いわゆるBYOM(Bring Your Own Model)が可能になったということですね。
14. Observability features in Foundryの新発表
Foundry に Quality / Safety / Cost を横断監視するモニター機能が追加されました!
15. Microsoft Entra Agent IDの新発表
Entra IDにAgentごとにポリシー設定が可能な「Agent ID」が導入されました!

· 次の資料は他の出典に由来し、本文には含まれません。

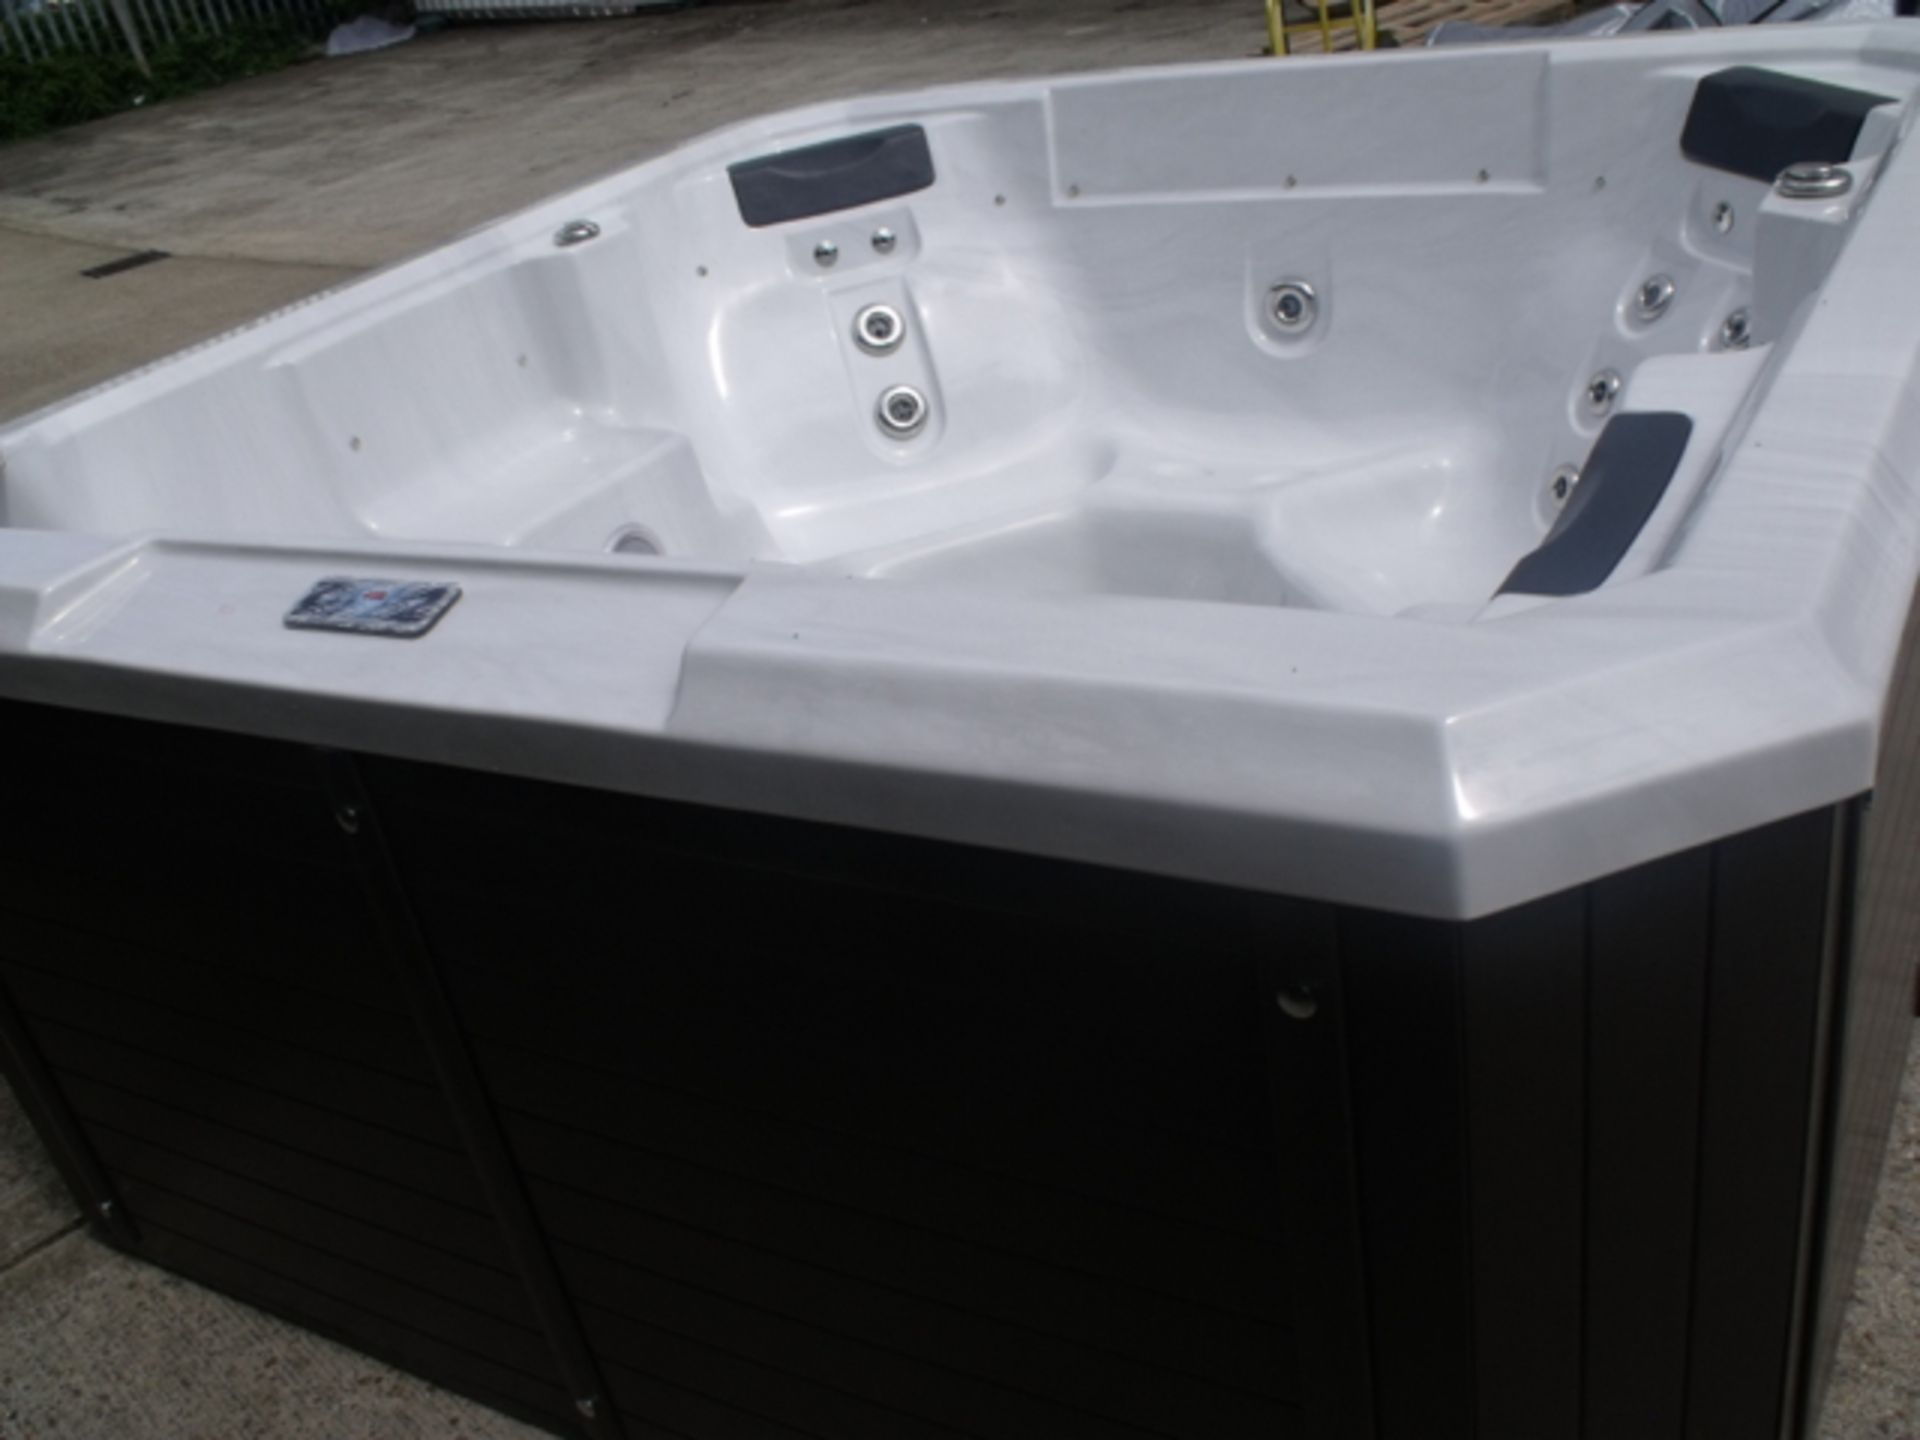 Brand New 2015 Executive Range Hot Tub. - Image 4 of 8

エージェントに固有 ID・ポリシー・認可を付与可能になったということになります。
16. Purview integration and Defender integration with Foundryの新発表
Foundryへのintegration拡充として、2つ発表されました!
- Microsoft Purview:データセキュリティとコンプライアンスリスクの発見 / データ漏洩と内部リスクからの保護 / AIのガバナンス実現と規制要件への対応が可能になった
- Microsoft Defender:セキュリティ脆弱性の事前特定と対処が可能になった
17. Foundry LocalのPublic Preview化
Foundry Localランタイムを発表、Windows / macOS でモデルをローカル実行可能になりました!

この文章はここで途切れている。